Why Use Multiple GPUs?

For Inference

Higher Throughput: Generate multiple outputs simultaneously (e.g., 4 images at once on 4 GPUs)
Faster Single Output: Split large models across GPUs for faster generation
Cost Efficiency: Maximize GPU utilization for batch processing

For Training

Faster Training: Distribute training across multiple GPUs with synchronized gradient updates
Larger Batches: Train with bigger batch sizes for better model convergence
Parallel Preprocessing: Speed up data preprocessing by distributing it across GPUs

Core Concepts

Architecture Overview

Here’s how the distributed computing components work together:

DistributedRunner

The DistributedRunner is the main orchestration class that manages multi-GPU workloads. It handles process management, inter-process communication via ZMQ, and coordination between worker processes.

Key Methods

DistributedRunner(worker_cls, world_size) Creates a runner that will spawn world_size instances of your worker_cls. await runner.start(**kwargs) Launches all worker processes and calls their setup() method. Any **kwargs are passed to each worker’s setup. Call this once in your app’s setup(). await runner.invoke(payload) Executes your worker’s __call__() method with the given payload dict and returns the final result. Use this for standard (non-streaming) requests. runner.stream(payload, as_text_events=True) Returns an async iterator that streams intermediate results from workers. Use this with StreamingResponse for real-time progress updates.

Example Usage

from fal.distributed import DistributedRunner, DistributedWorker

class MyWorker(DistributedWorker):
    def setup(self, model_path):
        # Load model on this GPU (called once per worker)
        self.model = load_model(model_path).to(self.device)
    
    def __call__(self, prompt, **kwargs):
        # Process request (called for each request)
        return self.model.generate(prompt)

class MyApp(fal.App):
    num_gpus = 4  # Use 4 GPUs
    
    async def setup(self):
        # Create and start the runner
        self.runner = DistributedRunner(
            worker_cls=MyWorker,
            world_size=self.num_gpus
        )
        await self.runner.start(model_path="/data/model")
    
    @fal.endpoint("/")
    async def run(self, request: MyRequest):
        # Invoke workers for each request
        result = await self.runner.invoke({
            "prompt": request.prompt,
        })
        return result

For complete API documentation with all parameters and examples, see the DistributedRunner API Reference.

DistributedWorker

Your custom worker class extends DistributedWorker and runs on each GPU. Each worker is independent and has its own copy of the model.

Methods to Override

def setup(self, **kwargs) Called once when the worker initializes. Load your model, download weights, and prepare resources here. Receives any **kwargs passed to runner.start(). def __call__(self, streaming=False, **kwargs) Called for each request. Implement your inference or training logic here. Receives the payload dict from runner.invoke() or runner.stream() as **kwargs.

Properties You’ll Use

self.device - The PyTorch CUDA device for this worker (cuda:0, cuda:1, etc.) self.rank - The worker’s rank (0 to world_size-1). Rank 0 is typically responsible for returning results. self.world_size - Total number of workers (GPUs).

Utility Methods

self.add_streaming_result(data, as_text_event=True) Sends intermediate results to the client during streaming. Only call from rank 0 to avoid duplicates. self.rank_print(message) Prints a message with the worker’s rank prefix for easier debugging.

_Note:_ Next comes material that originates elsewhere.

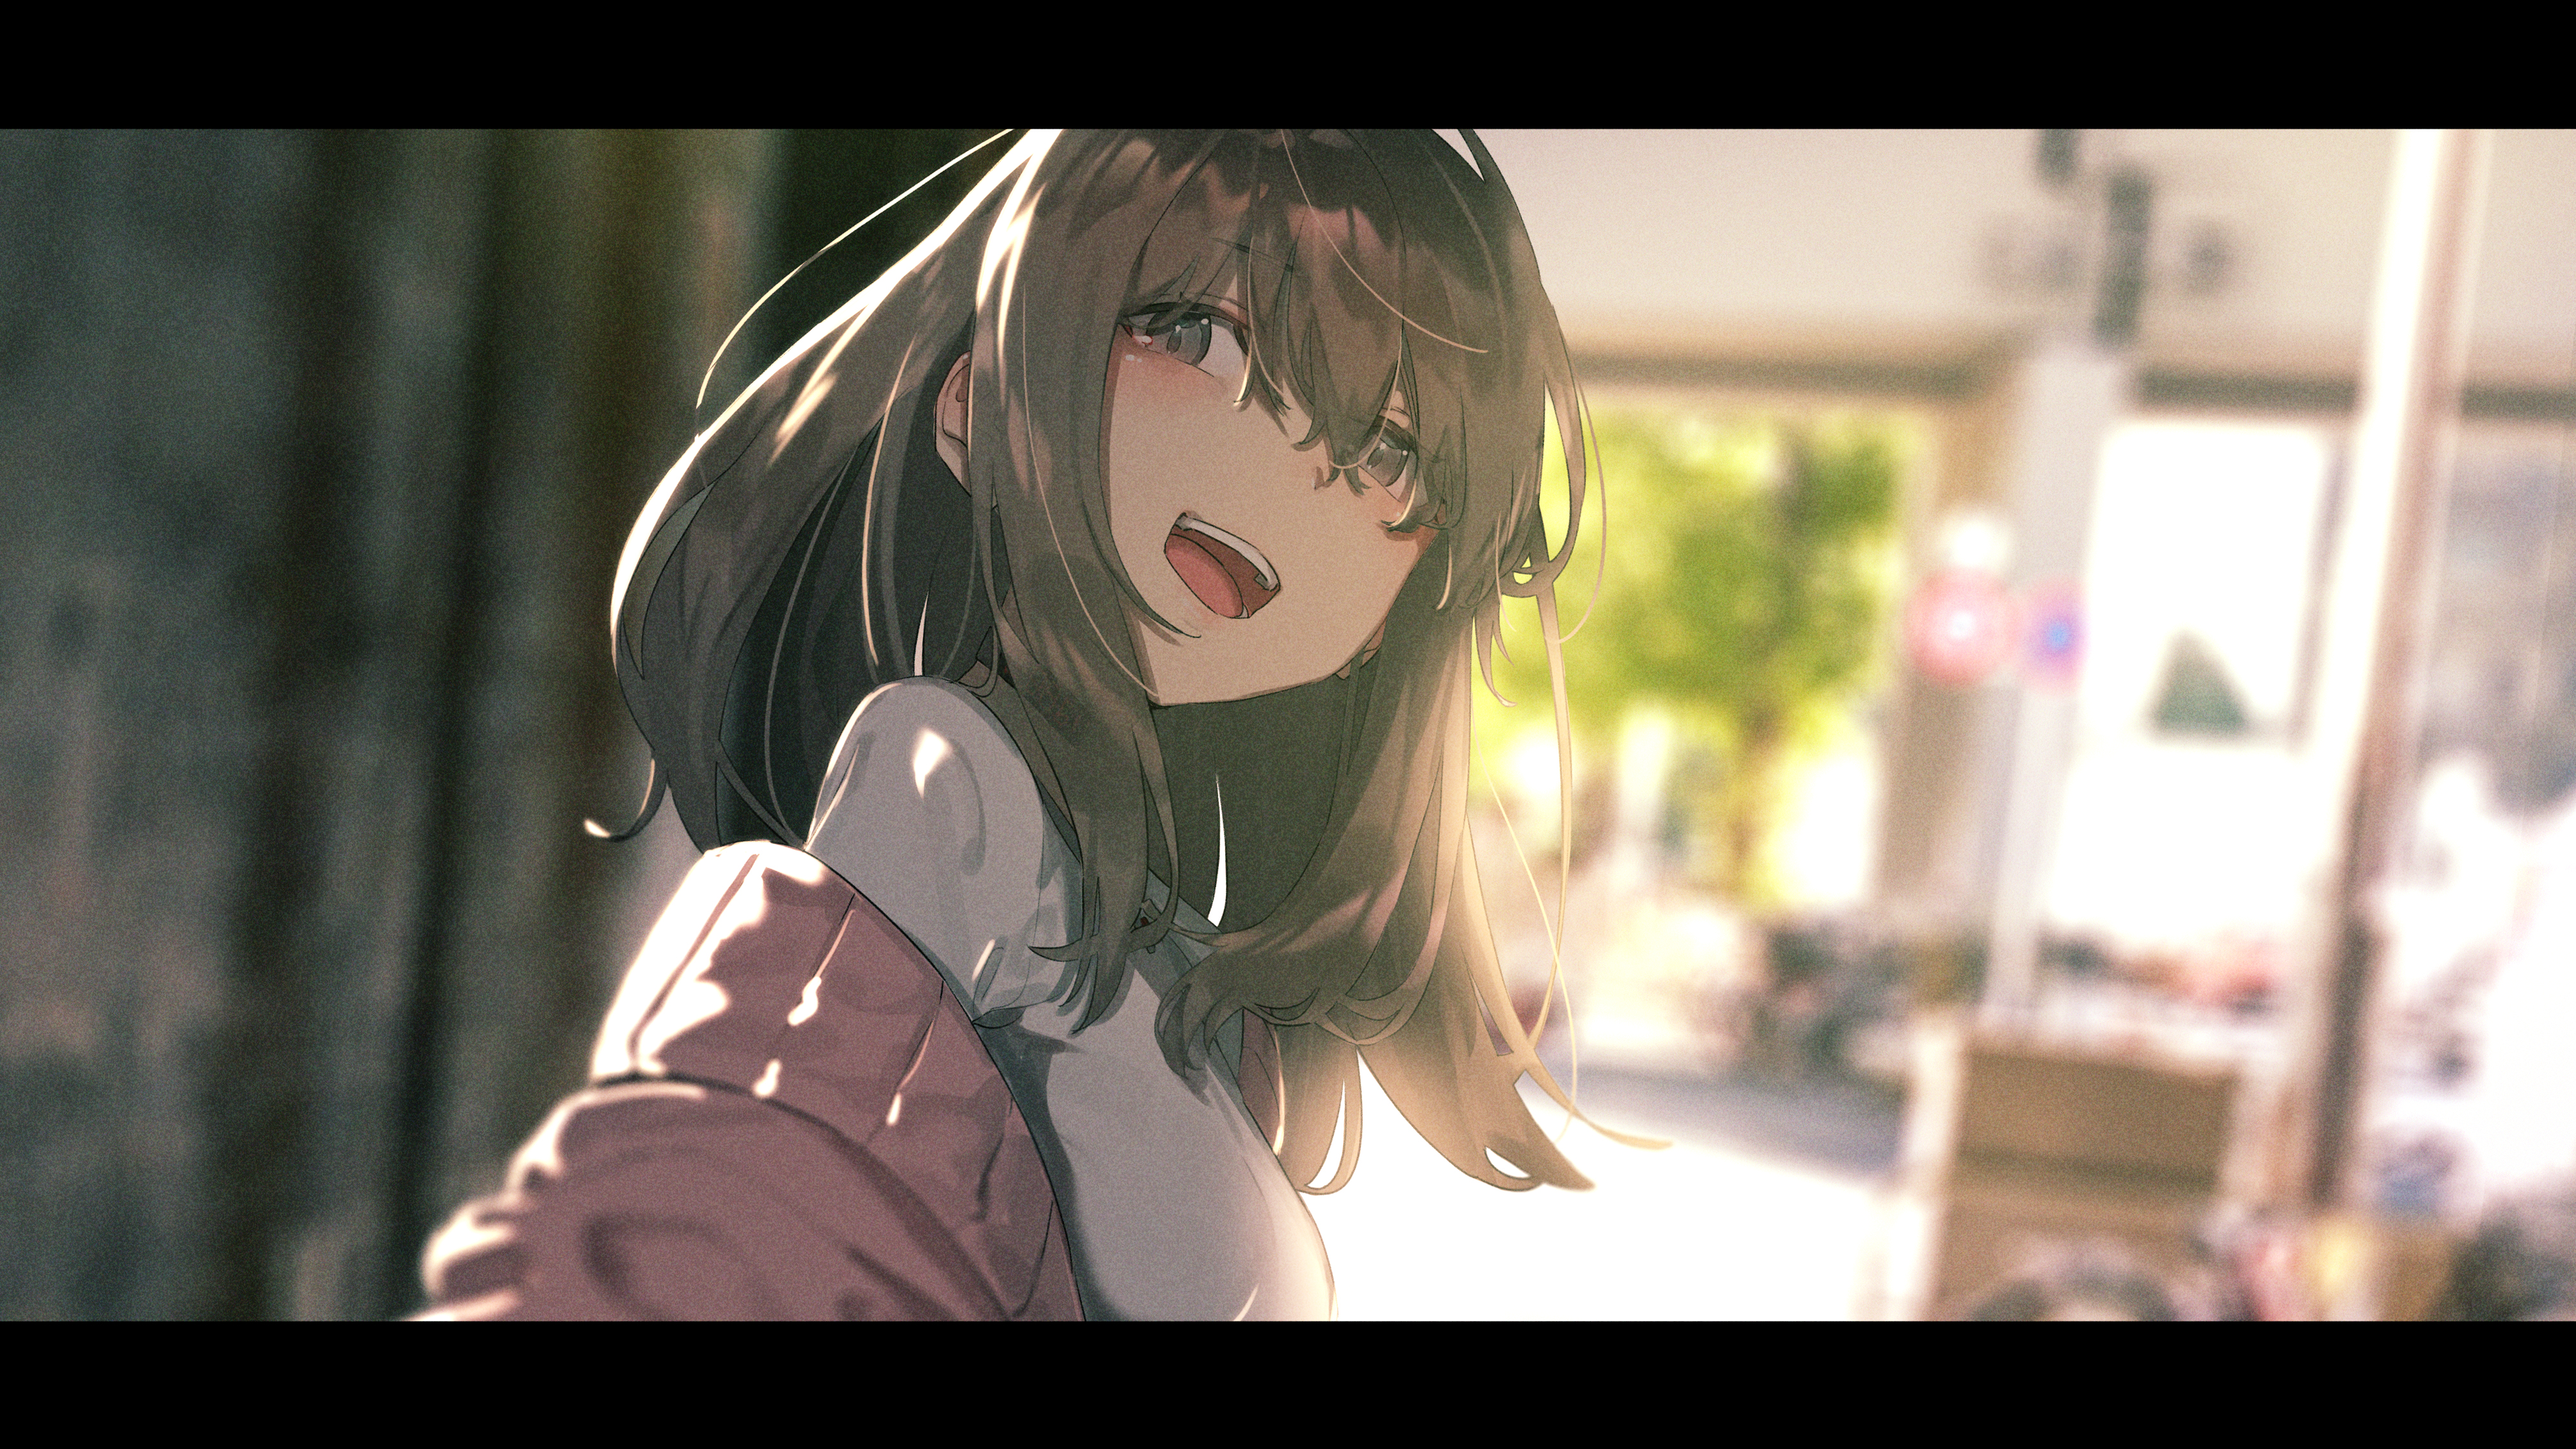 Anime 4026x2264 looking at viewer open mouth smiling happy bokeh portrait anime girls original characters artwork digital art illustration drawing 2D anime Rolua Noa

For complete API documentation with detailed examples, see the DistributedWorker API Reference.

PyTorch Distributed Primitives

For training and coordinated inference, you can use PyTorch’s distributed primitives:

import torch.distributed as dist

# Gather results from all GPUs to rank 0
dist.gather(tensor, gather_list if self.rank == 0 else None, dst=0)

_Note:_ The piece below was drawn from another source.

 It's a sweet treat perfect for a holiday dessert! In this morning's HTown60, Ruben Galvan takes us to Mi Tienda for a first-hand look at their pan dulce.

# Broadcast data from rank 0 to all GPUs
dist.broadcast(tensor, src=0)

# Synchronize all GPUs at a barrier
dist.barrier()

Parallelism Strategies

Inference Strategies

Different parallelism strategies optimize for different inference scenarios. Choose based on your use case and model architecture.

Data Parallelism

Each GPU runs an independent model copy with different inputs. Best for high throughput scenarios where you need to generate multiple outputs simultaneously.Use for: Batch processing, generating multiple image variations, high throughput workloads
Example: Parallel SDXL in fal-demos

Pipeline Parallelism (PipeFusion)

Split the model into sequential stages across GPUs, processing like an assembly line where each GPU handles specific layers. Reduces latency for single outputs.Use for: Large DiT models (SD3, FLUX), reducing latency for single image generation
Example: xFuser’s PipeFusion implementation for DiT models

Tensor Parallelism

Split individual layers and tensors across GPUs, computing portions of each layer in parallel. Required when models are too large to fit on a single GPU.Use for: Extremely large models that don’t fit on single GPU memory
Example: Large language models, very large diffusion models

Sequence Parallelism (Ulysses)

Split attention computation across the sequence or spatial dimensions. Particularly effective for long sequences and can be combined with other strategies.Use for: Very long sequences, high-resolution images, combining with PipeFusion
Example: xFuser’s Ulysses implementation

CFG Parallelism

Parallel conditional and unconditional passes for classifier-free guidance. Runs both guidance passes simultaneously on separate GPUs.Use for: U-Net models (SDXL), requires exactly 2 GPUs
Example: xFuser supports this for U-Net architectures

Hybrid Strategies

Combine multiple approaches (e.g., PipeFusion + Ulysses + CFG) for maximum scaling efficiency across many GPUs.Use for: Maximum scaling across 4-8+ GPUs, complex production workloads
Example: xFuser configurations for 8 GPU setups

Training Strategies

Multi-GPU training strategies focus on distributing the computational and memory requirements of training large models.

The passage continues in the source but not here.